You are talking for those cities or all cities in the lower 48?

Because it has snowed already in the western mountain states. I'm sure some of it fell in a city.
We had some flurries last week.


----------



## Bossman 92 (Sep 27, 2006)

I was just talking about those cities. The weather channel showed the snow from yesterday, then they showed some major cities with their earliest snowfall. It will be here sooner than we know it.


----------



## stroker79 (Dec 2, 2006)

Bossman 92;404702 said:


> It will be here sooner than we know it.

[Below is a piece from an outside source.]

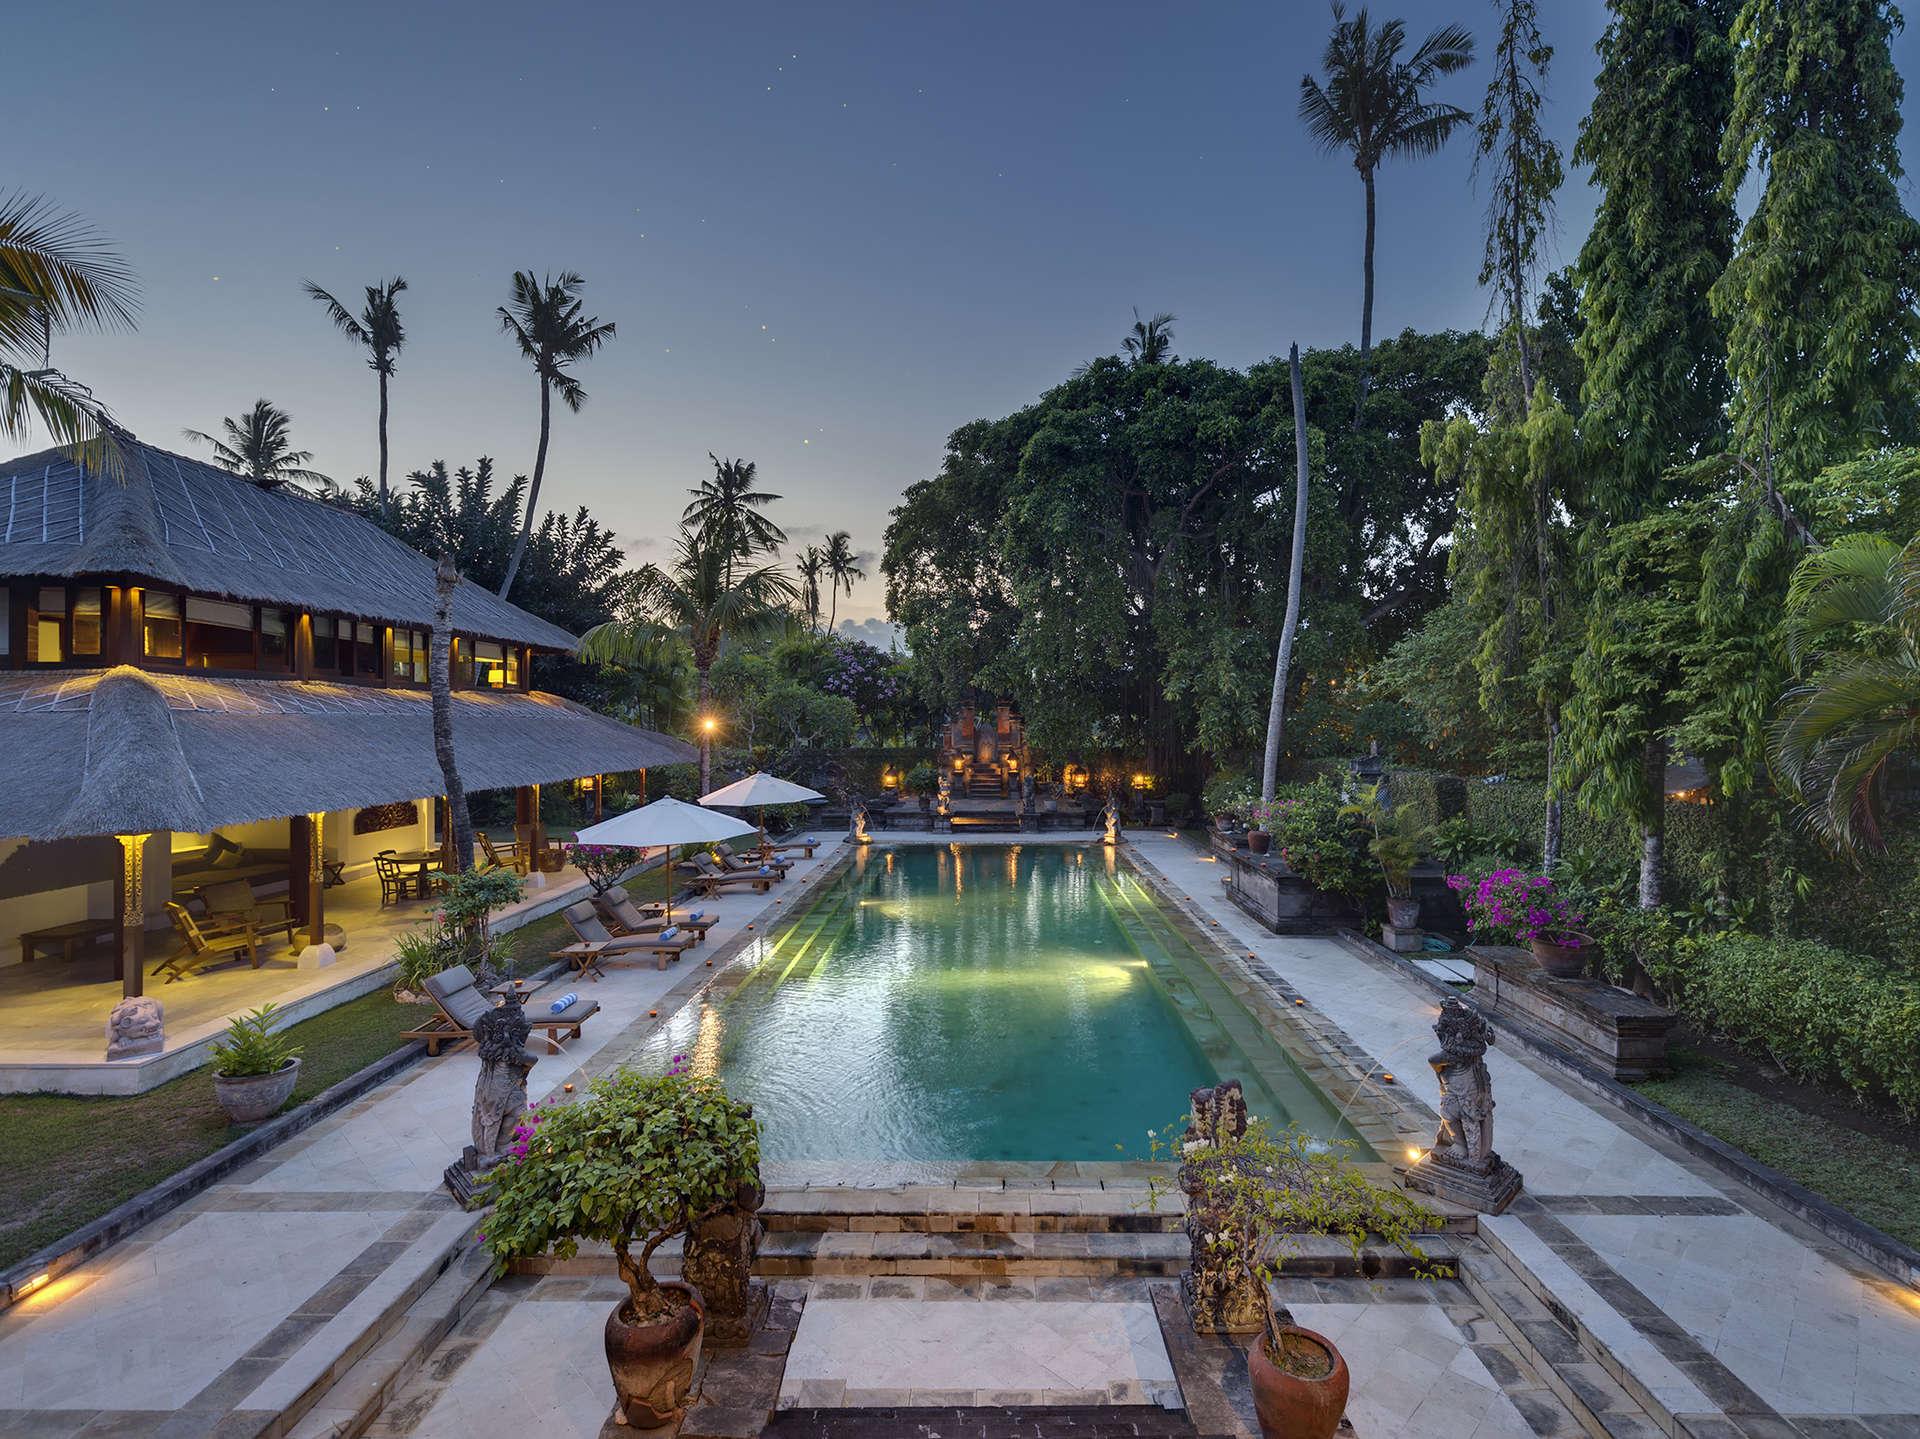 Luxury villa rentals asia - Indonesia - Bali - Sanur - Batujimbar - Image 1/21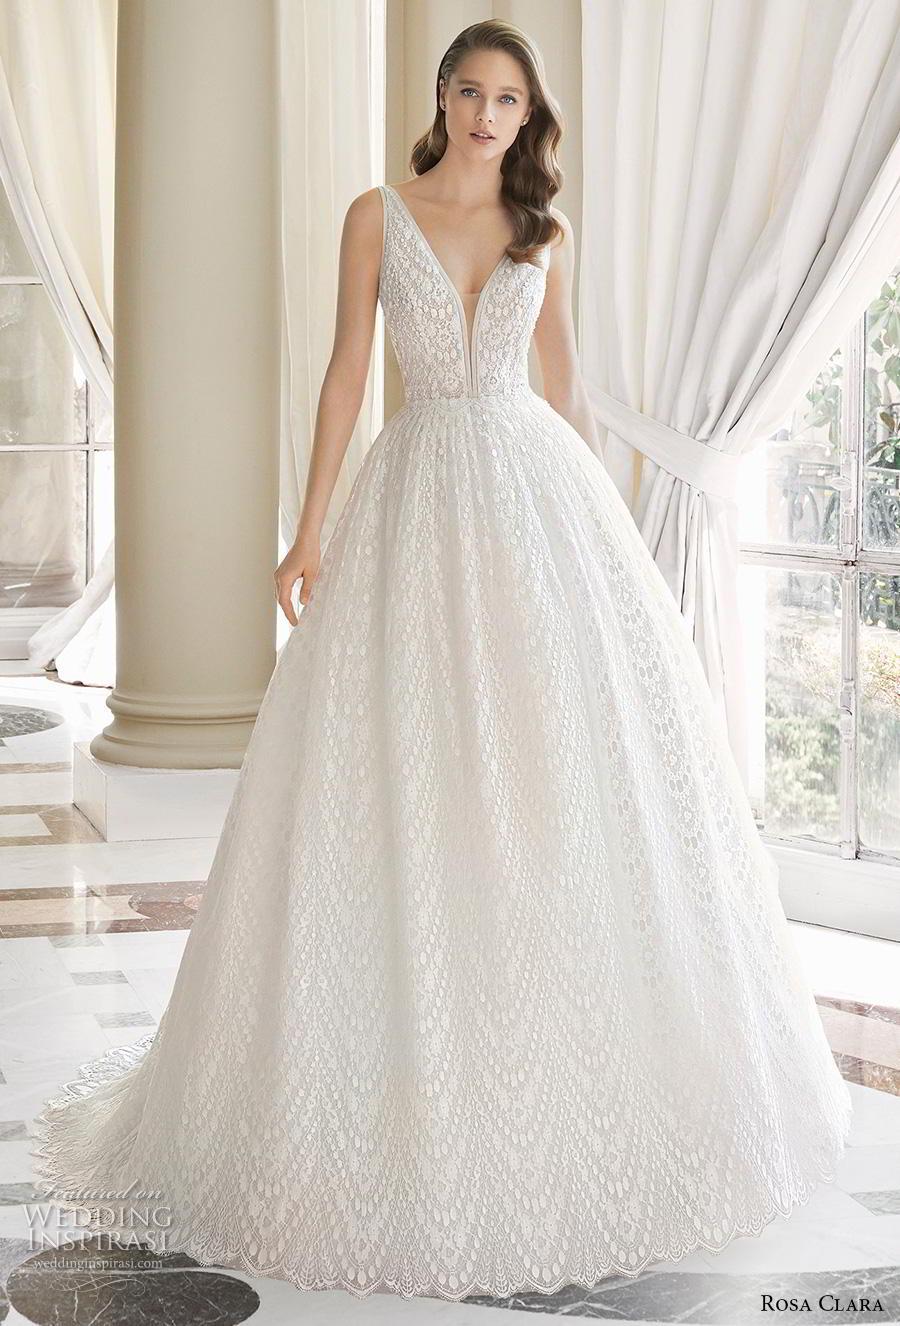 rosa clara 2019 couture bridal sleeveless deep v neck full embellishment romantic ball gown a  line wedding dress v back sweep train (9) mv

I sure hope so. Im tired of cutting grass. Its time to actually make some money! LET IT SNOW!


----------



## dakotasrock (Mar 23, 2006)

It snowed here in Alexandria last year Oct 12th..... melted in 6 hours tho


----------



## Bossman 92 (Sep 27, 2006)

Well in 6 hours, I could plow some serious snow!!


----------



## Brian Young (Aug 13, 2005)

stroker79;404721 said:


> I sure hope so. Im tired of cutting grass. Its time to actually make some money! LET IT SNOW!


AMEN TO THAT!!!!


----------



## Brian Young (Aug 13, 2005)

Bossman 92;404756 said:


> Well in 6 hours, I could plow some serious snow!!


Your weather isnt much different than ours.....its 72 and sunny here, the lows are only in the 50's and 60's.


----------



## Bossman 92 (Sep 27, 2006)

Hey Brian, I was referring to Dakotasrock's post about the snow melting in 6 hours. I realize I will not be plowing for a few months.  


Bossman


----------